*** DATA SHOWN Section Begins ***

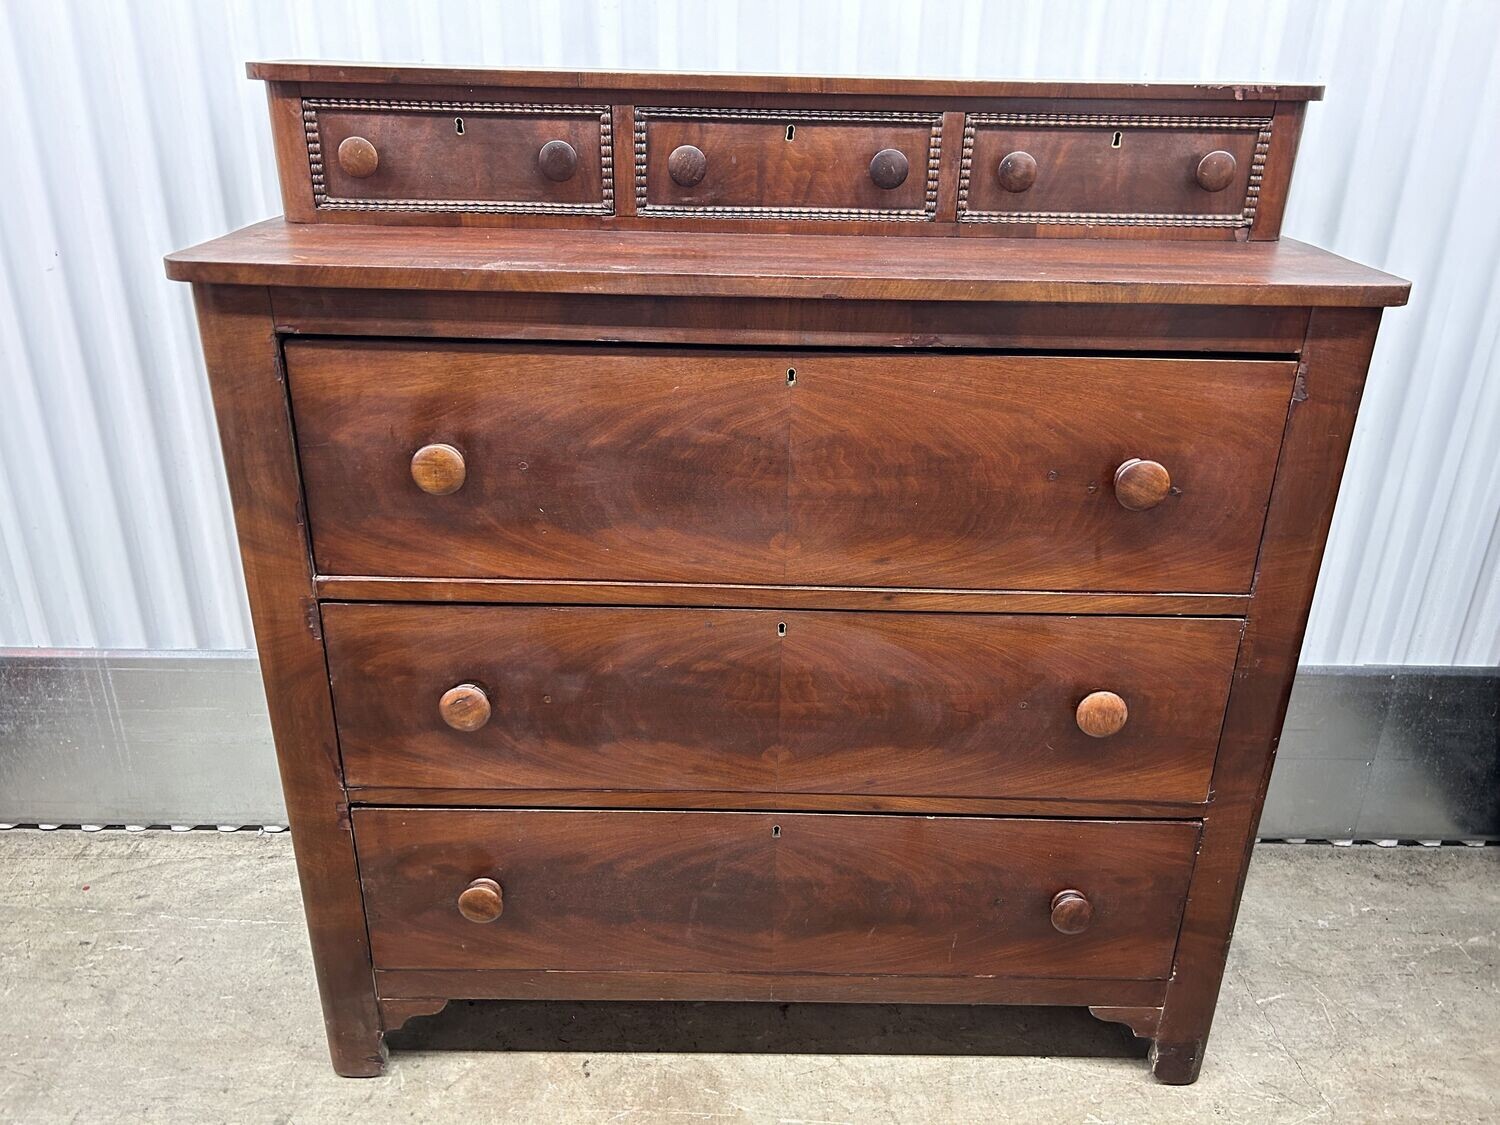 Antique 3-drawer Dresser with &quot;glove box drawers&quot; #2126 ** 6 wks. to sell, full price
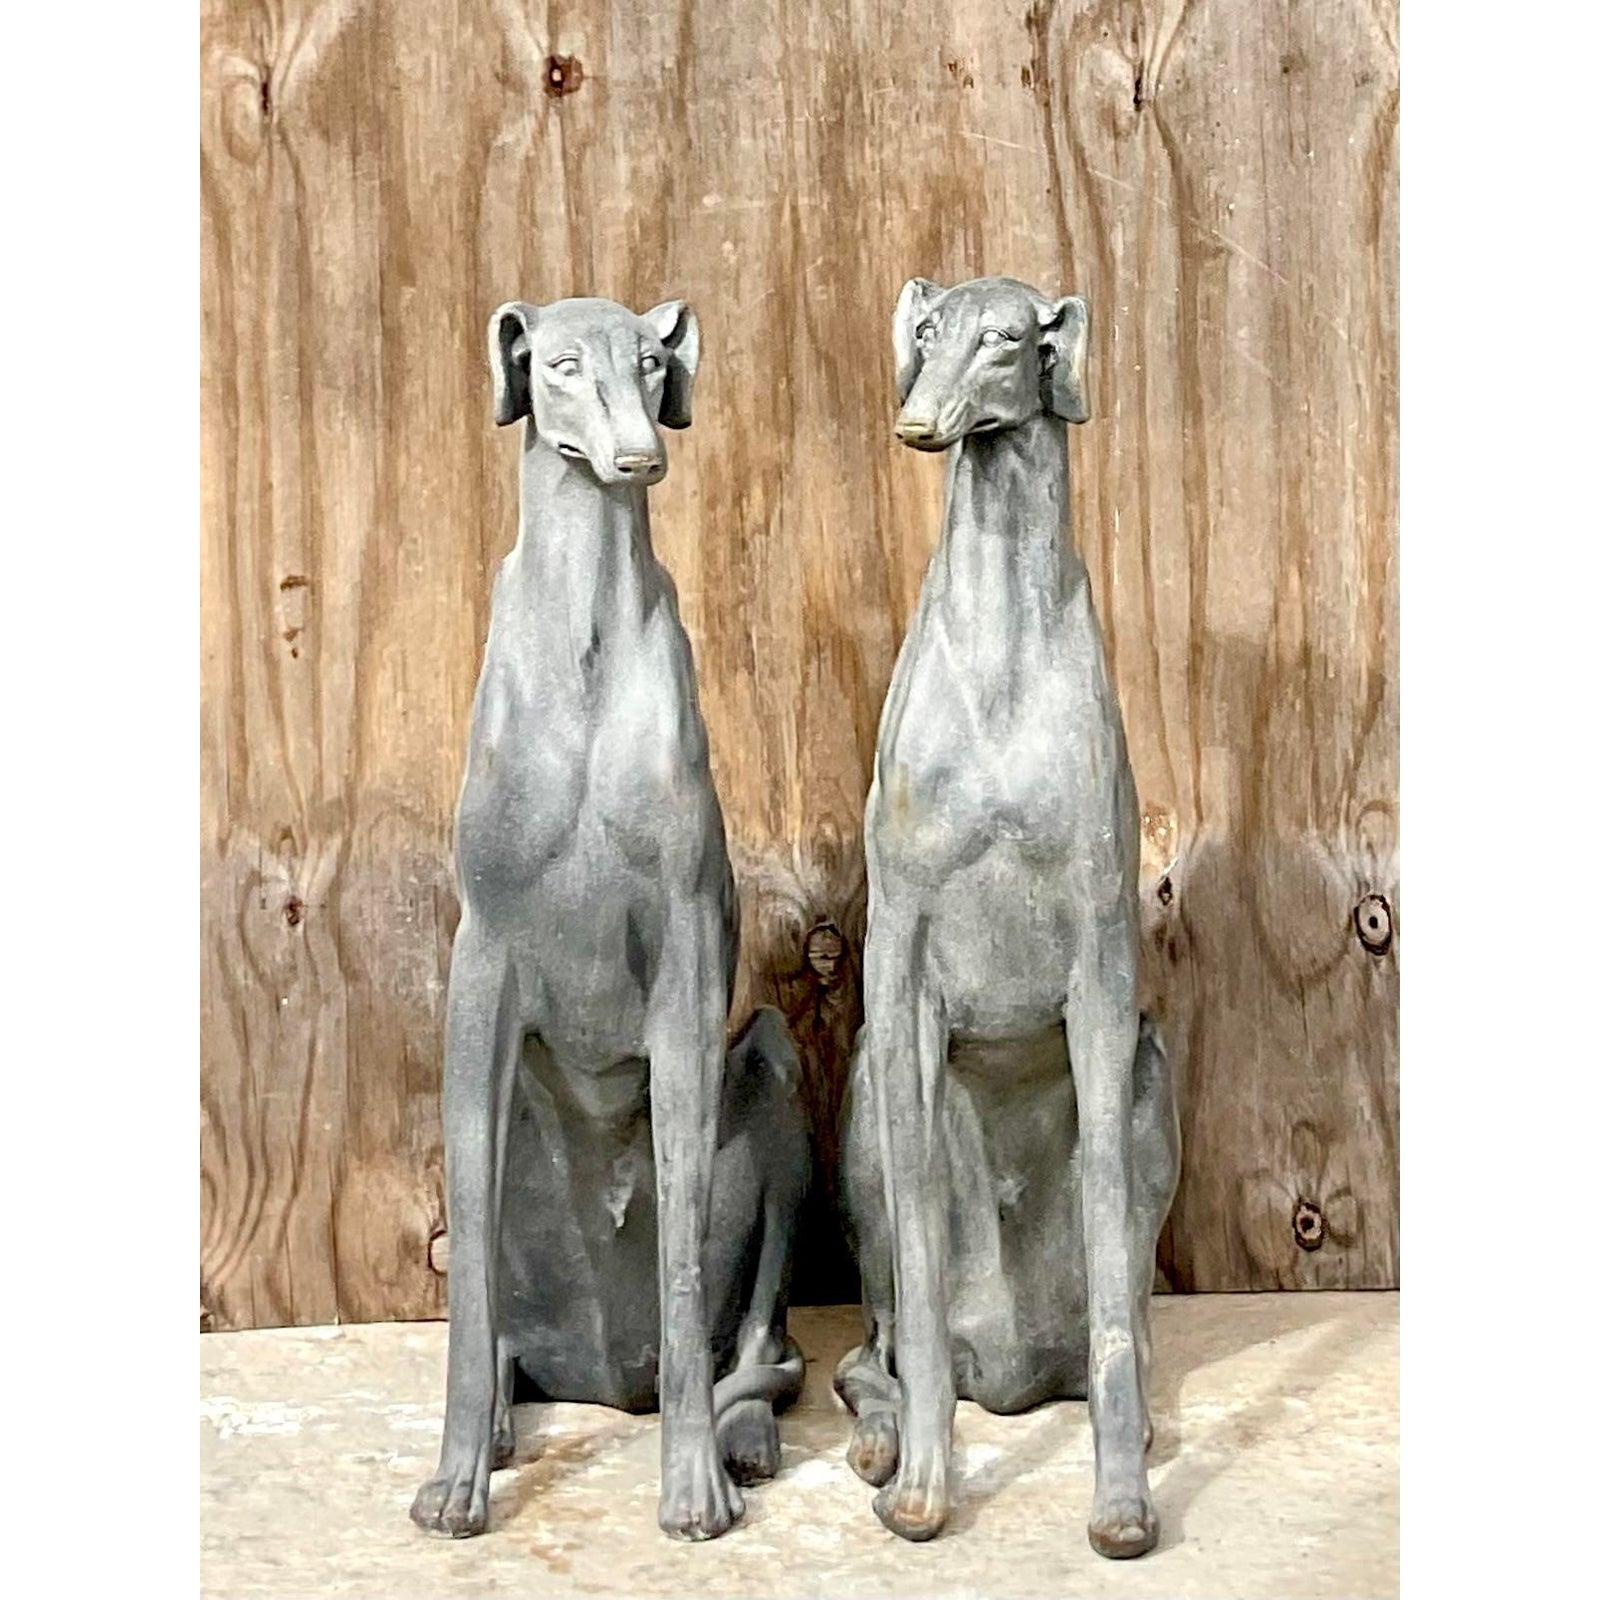 Fantastic pair of vintage Regency dogs. Slender and regal pair of Greyhounds with a chic charcoal finish. Tiny flashes of metallic peeking through. Made from a cast ceramic with a textured matte finish. Acquired from a Palm Beach estate.
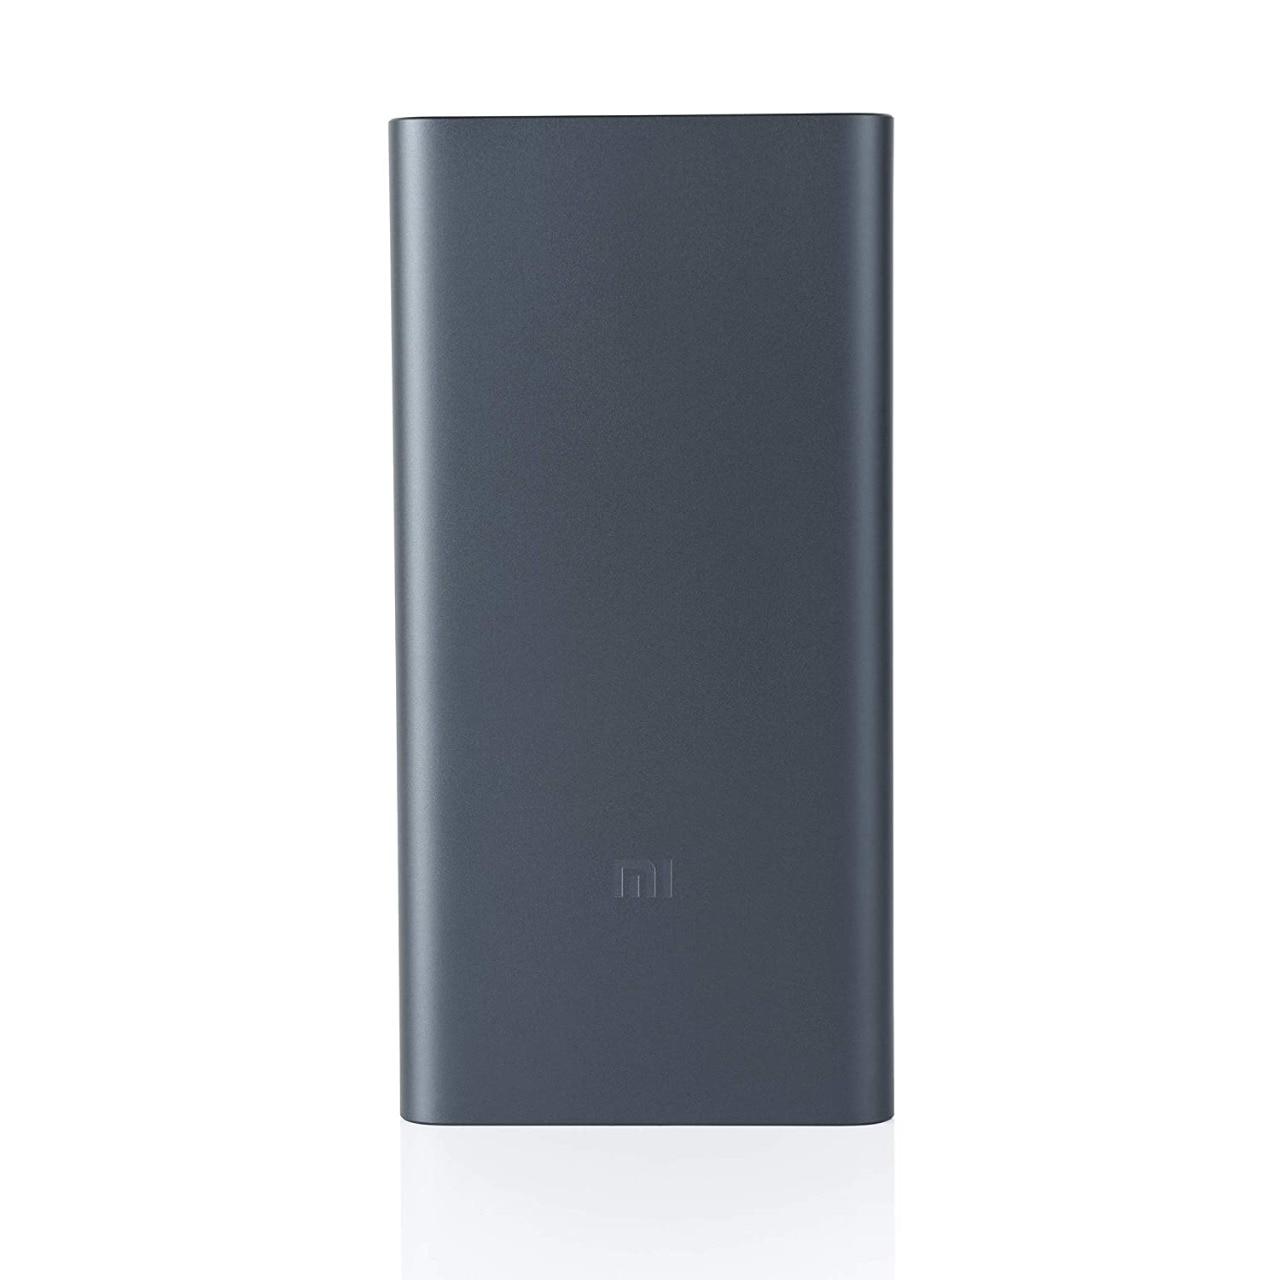 Amazon Sale: Offer on the most important power bank for charging mobile and other accessories, buy best power bank under Rs.

*** DATA SHOWN Section Ends ***

» AIM OF THE EXERCISE
With pictures omitted, restate exactly every line from the one containing "Fantastic pair of" through the last line of the material, inclusive.

» YOUR SOLUTION
 Fantastic pair of vintage Regency dogs. Slender and regal pair of Greyhounds with a chic charcoal finish. Tiny flashes of metallic peeking through. Made from a cast ceramic with a textured matte finish. Acquired from a Palm Beach estate.
 Amazon Sale: Offer on the most important power bank for charging mobile and other accessories, buy best power bank under Rs.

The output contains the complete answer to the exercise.